Visceral adipose tissue is considered a significant source of IL-6 secreted under the influence of TNF-α (Cottam et al., 2004). Increased levels of IL-6 were found in the blood of patients with morbid obesity (Sola et al., 2009), in patients with type 2 diabetes accompanied by obesity (Goyal et al., 2012), and in patients with type 2 diabetes with accompanying albuminuria (Czyżewska et al., 2012). An effect of weight loss on serum IL-6 in obese patients undergoing weight reduction was observed by Olszanecka-Glinianowicz et al. (2011). After three months of therapy they reported a 5% weight reduction and a reduction in IL-6 concentration. Also, after 5 years the concentration of IL-6 was significantly lower than baseline values. However, in the present study, there were no significant differences in IL-6 among patients with morbid obesity, compared with the control group and after the treatment. These divergent results may be linked to polymorphism for IL-6. Gene polymorphism for IL-6 has been observed in impaired hepatic lipid metabolism and insulin resistance (Czyżewska et al., 2012).

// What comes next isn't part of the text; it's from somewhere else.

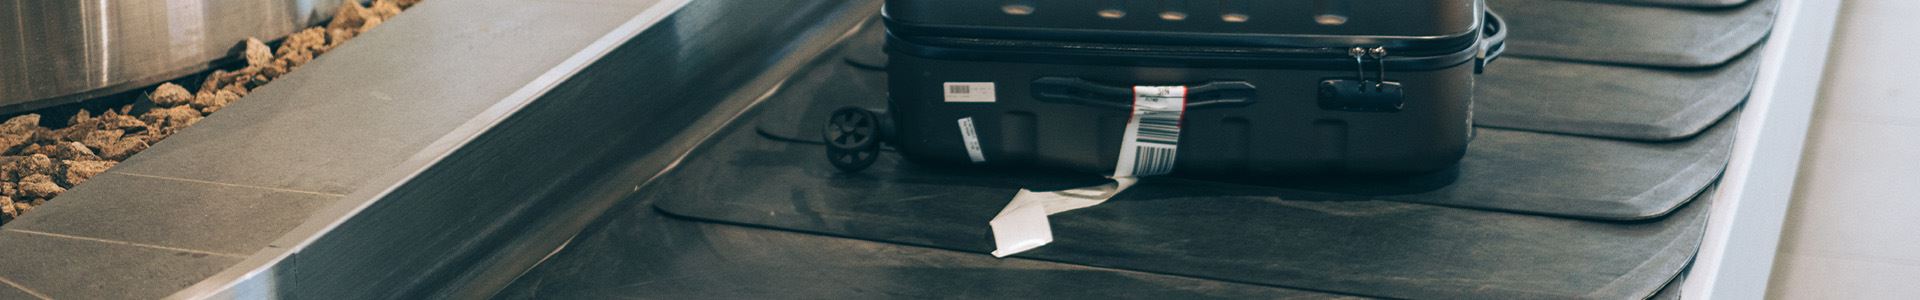 Изображение, состоящее из черного чемодана для ручной клади с верхней и боковой ручками и белой багажной биркой на боковой ручке, лежащего на карусели для багажа в аэропорту.

In a study by Bataille and Klein (1992) there was a positive correlation between IL-6 and BMI, WHR, blood glucose and insulin levels. The present study revealed a significant negative correlation between HDL-cholesterol and IL-6, which confirms the association of IL-6 with dyslipidemia. The mechanism of the effect of IL-6 on the metabolism of carbohydrates and lipids involves the inhibition of the activity of lipoprotein lipase (LPL), stimulating lipolysis, which is accompanied by the accumulation of TG and increased levels of free fatty acids (FFA) (Solá et al., 2009).

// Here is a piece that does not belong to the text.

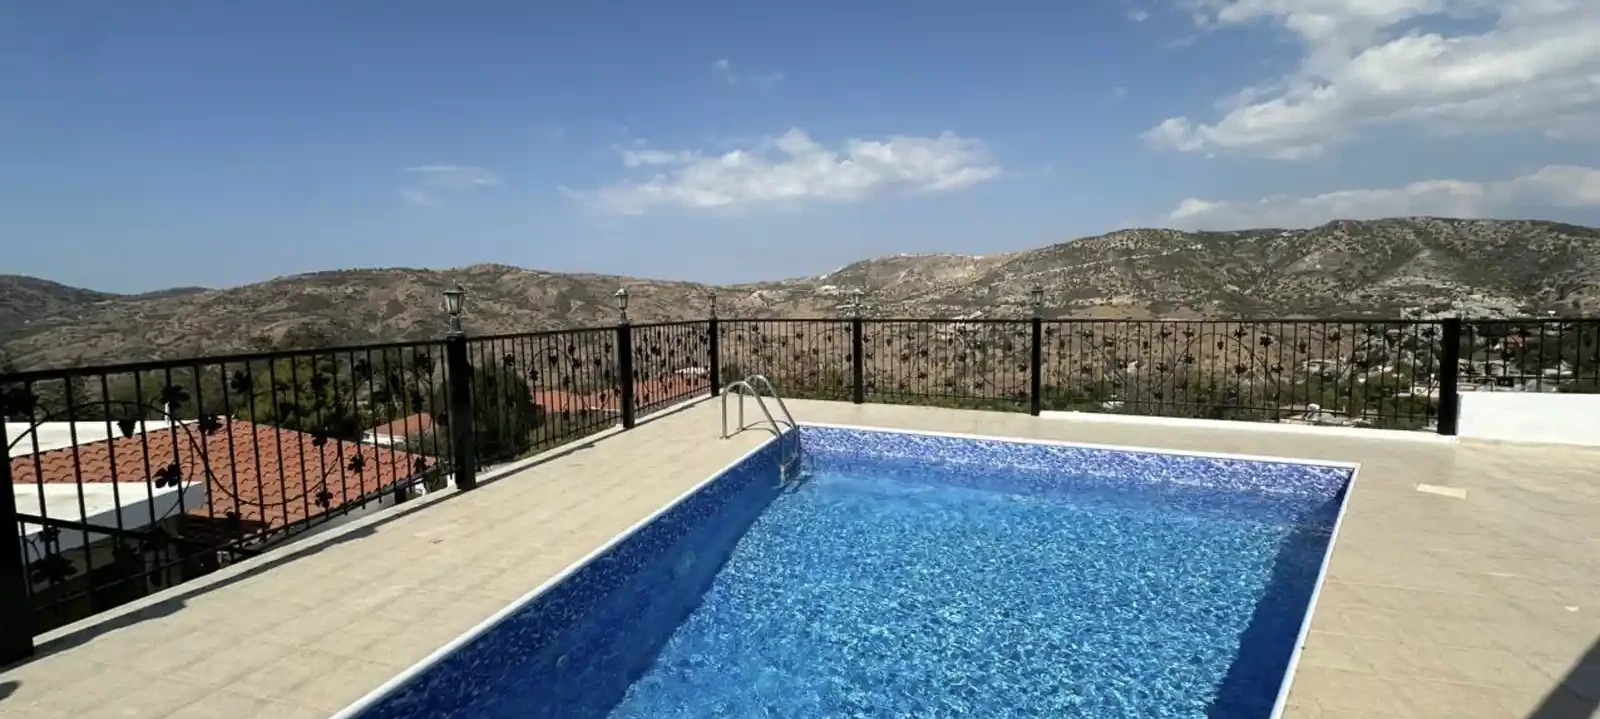 4-bedroom villa to rent €2.500, image 1

The absence of differences in TNF-α and IL-6 indicates permanent adipocyte abnormalities in morbidly obese patients despite a rapid weight reduction. However, an essential amount of adipose tissue must be lost before proper adipocyte function is restored (Xydakis et al., 2004).

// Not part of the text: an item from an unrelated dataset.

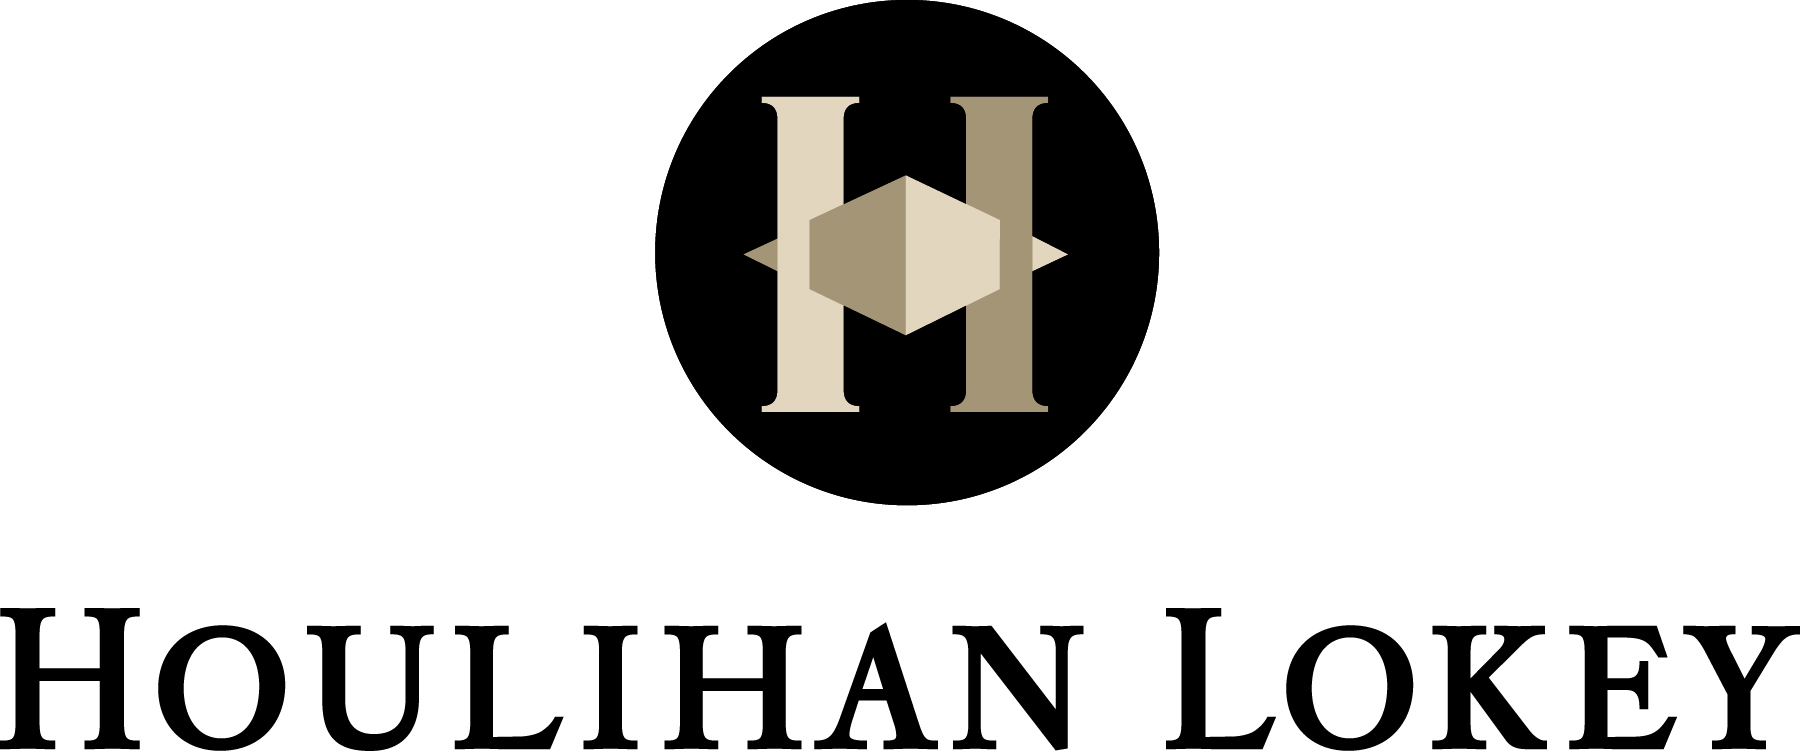 Houlihan Lokey Inc Brand Logo

In the present study, high HOMA-IR in patients with morbid obesity was the evidence of their insulin resistance. However, a short-term LCD and BT improved insulin sensitivity in obese subjects. This was confirmed by the return of HOMA-IR levels to normal values.

5 Conclusions

A decrease in CRP levels, but no differences in TNF-α or IL-6 concentrations reported after the LCD and BT, suggests that an essential amount of adipose tissue must be removed before proper adipocyte function is restored. Numerous correlations between TNF-α and CRP and the parameters of carbohydrate and lipid metabolism indicate an important role of inflammation in the pathogenesis of metabolic abnormalities in obesity. Short-term weight reduction decreases the level of HOMA-IR, indicating an improvement in insulin sensitivity, which is beneficial in obese patients.

Compliance with ethics guidelines

Danuta ROŚĆ, PrzemysŁaw ADAMCZYK, Joanna BOINSKA, Robert SZAFKOWSKI, Irena PONIKOWSKA, Katarzyna STANKOWSKA, Barbara GÓRALCZYK, and Barbara RUSZKOWSKA-CIASTEK declare that they have no conflict of interest.

All procedures followed were in accordance with the ethical standards of the responsible committee on human experimentation (institutional and national) and with the Helsinki Declaration of 1975, as revised in 2008 (5). Informed consent was obtained from all patients for being included in the study. Additional informed consent was obtained from all patients for whom identifying information is included in this article.